Exercise aim:
Since only part of the material below is wanted, output exactly the lines from the one with "sedia, opera isolata" up to and including the one with "renault 5 turbo".

Data for the task:
::::
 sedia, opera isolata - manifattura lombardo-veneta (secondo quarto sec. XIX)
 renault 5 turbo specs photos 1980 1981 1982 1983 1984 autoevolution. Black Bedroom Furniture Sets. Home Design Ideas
::::
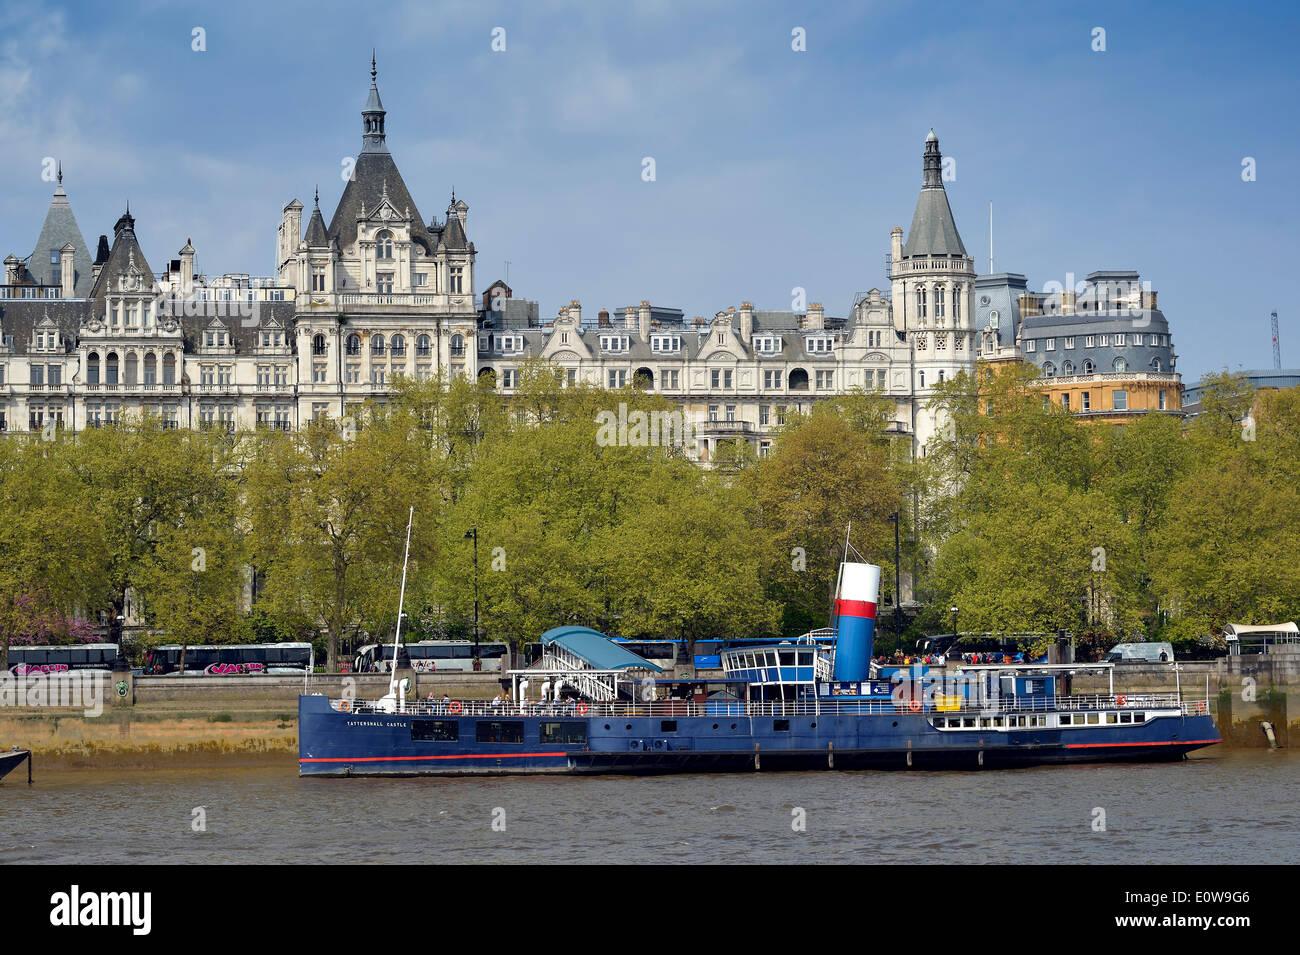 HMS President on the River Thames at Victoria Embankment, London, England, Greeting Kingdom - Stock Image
::::
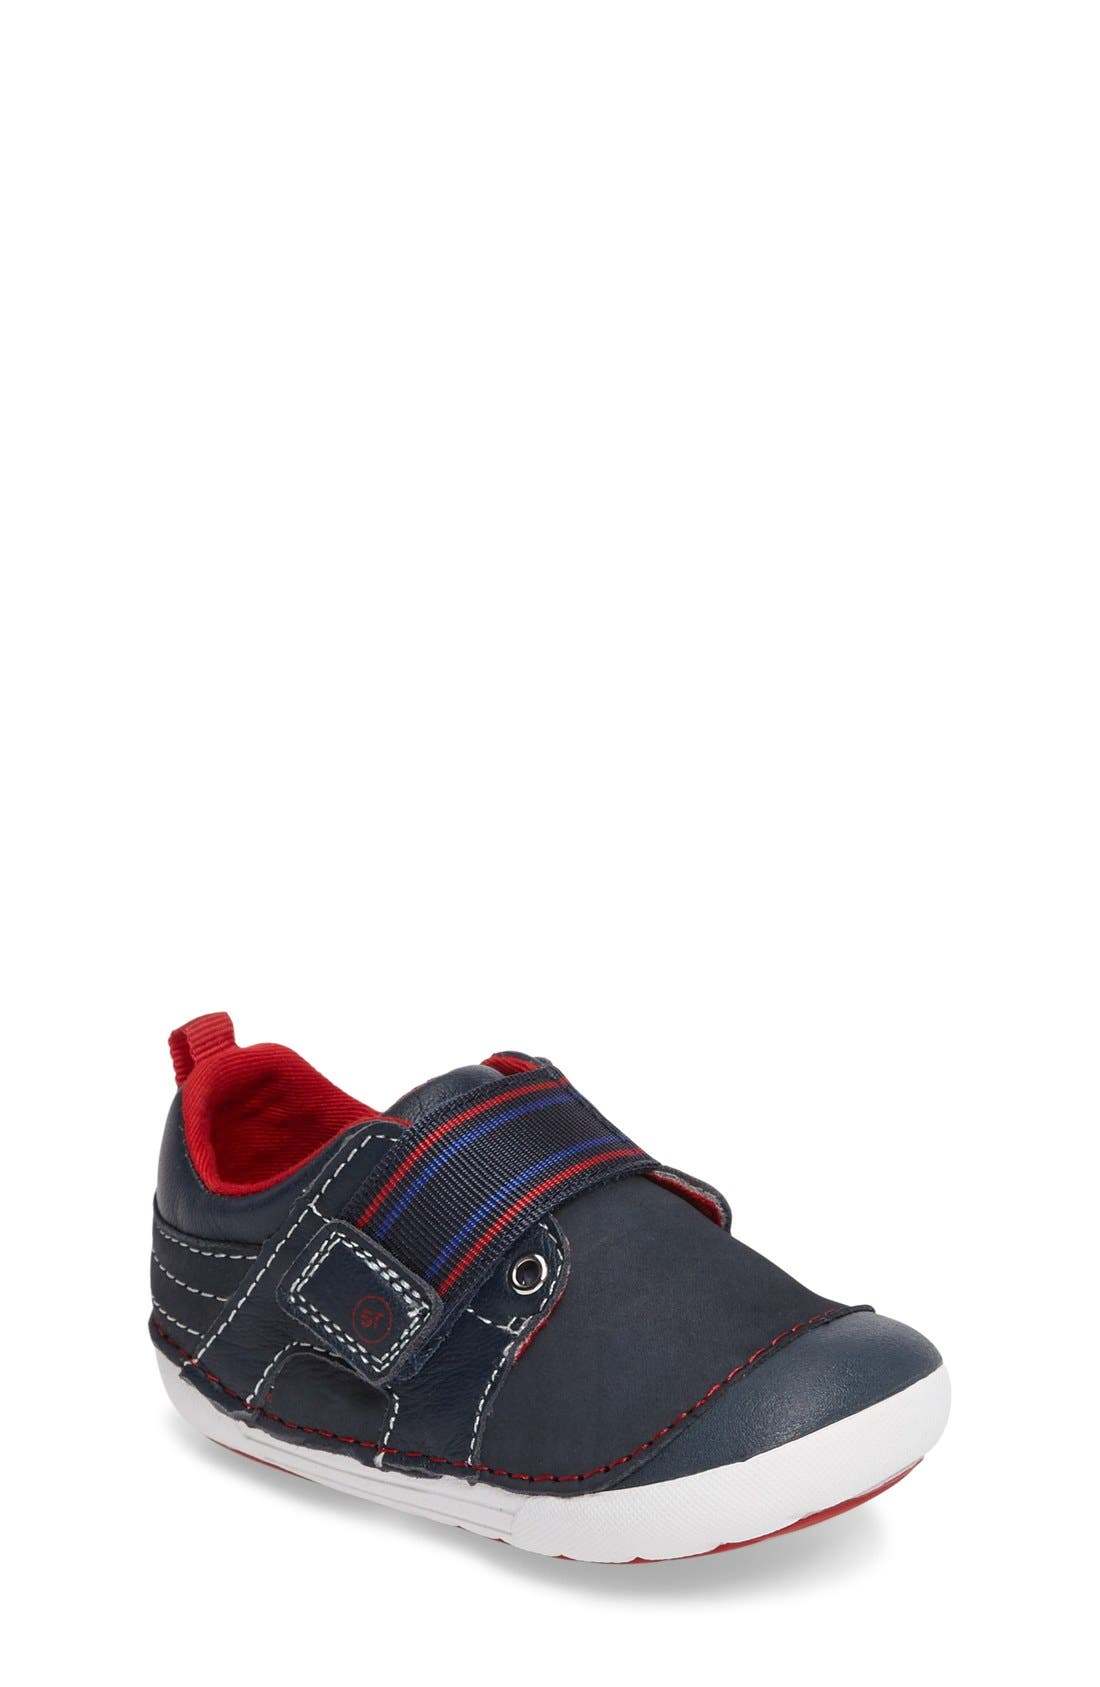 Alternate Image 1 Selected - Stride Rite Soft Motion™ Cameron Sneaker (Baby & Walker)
::::
Final answer:
 sedia, opera isolata - manifattura lombardo-veneta (secondo quarto sec. XIX)
 renault 5 turbo specs photos 1980 1981 1982 1983 1984 autoevolution. Black Bedroom Furniture Sets. Home Design Ideas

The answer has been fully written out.